A 56-year-old man walked into a unit at Sun Hing Building on Nathan Road in Mong Kok last Saturday and left without his gold necklace, a piece valued at approximately HK$70,000. Also taken was around ¥4,000 in Chinese renminbi. Hong Kong police are investigating the theft as a robbery connected to the massage premises, and have named a suspect woman in the case. Two additional men are believed to be involved.
The necklace's value offers a telling detail about what was at stake. At HK$70,000, the piece sits firmly in the range of a substantial solid gold chain, the kind of jewelry that carries real weight, both physically and financially. Hong Kong's gold culture has long placed high-karat necklaces among the most personally significant items a man might wear daily. Unlike a watch, which can be removed discreetly, a heavy gold necklace is both visible and, in the wrong circumstances, vulnerable.

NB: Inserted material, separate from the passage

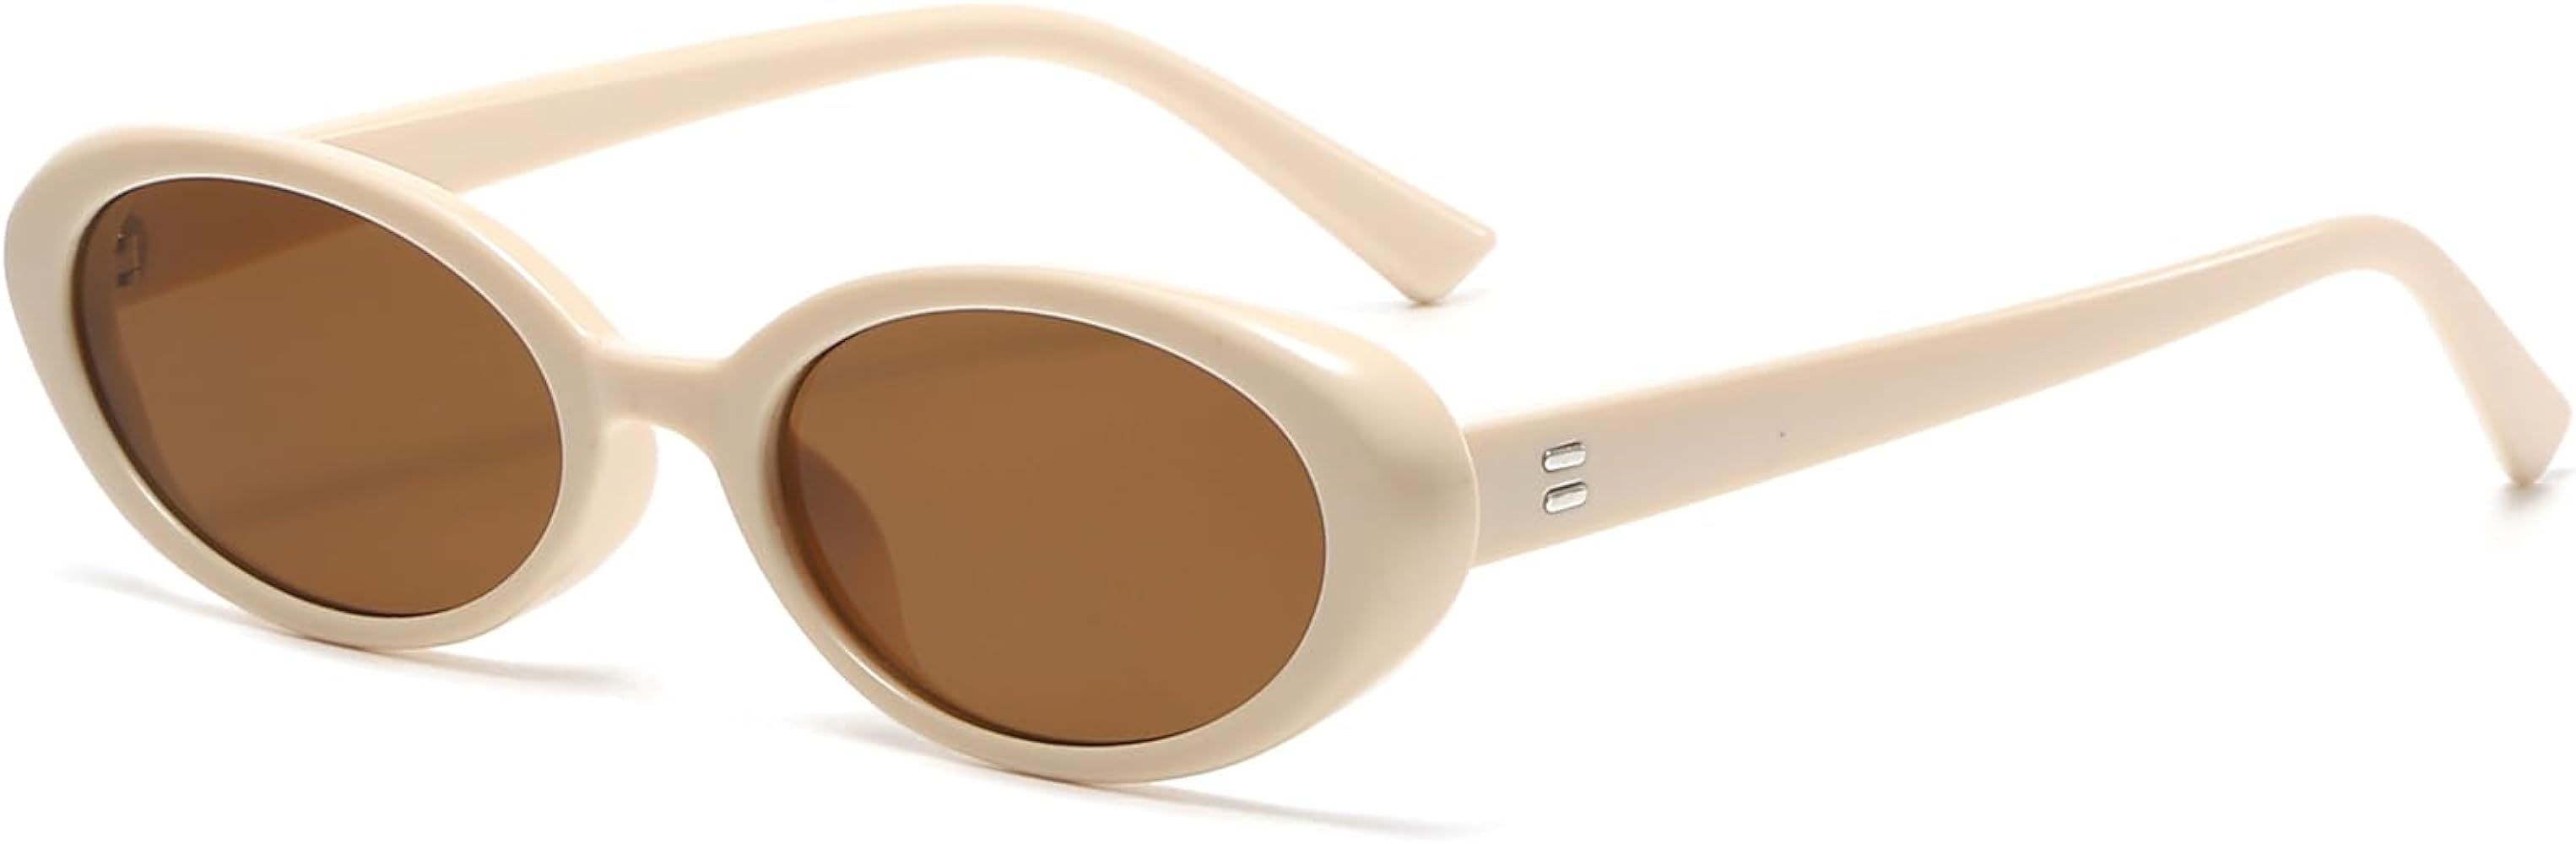 Retro Oval Sunglasses for Women Men Fashion Small Oval Sunglasses 90s Vintage Shades | Amazon (US)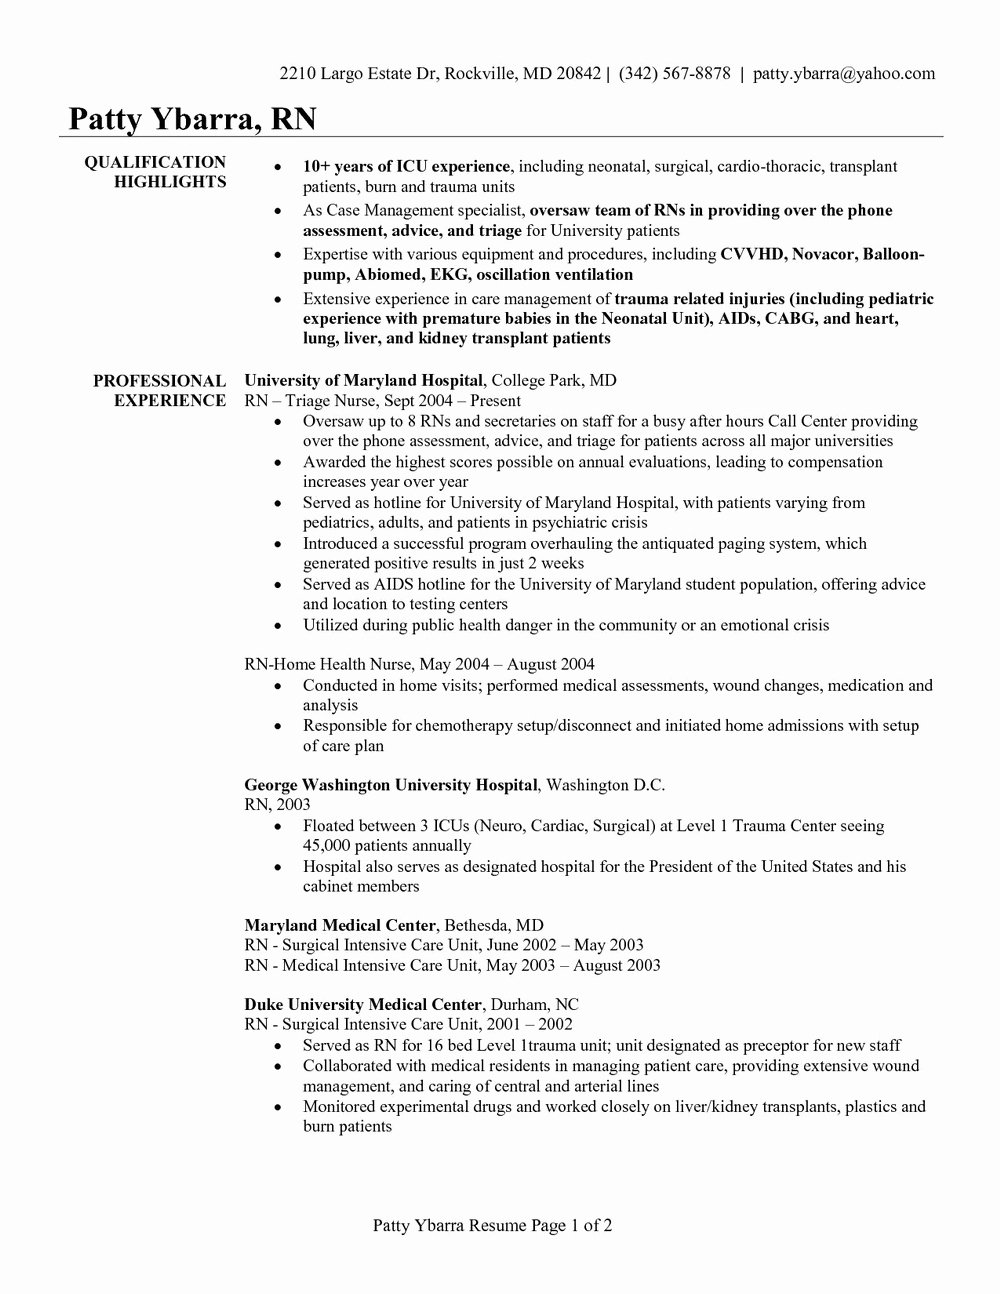 Registered Nurse Resume Templates Resumes 343

Nathan Road runs through one of Hong Kong's densest commercial corridors, and Sun Hing Building sits within that maze of storefronts, upper-floor businesses, and transient foot traffic that makes Mong Kok simultaneously magnetic and unpredictable. The combination of a private room, a distracted or reclined victim, and multiple alleged perpetrators points to a coordinated effort rather than an opportunistic snatch.

Police have not released the names of those believed responsible, but the investigation is active. The case is a sharp reminder that high-value gold jewelry worn openly, particularly pieces in the HK$50,000-and-above range, represents a target that requires the same security consciousness as carrying an equivalent sum in cash.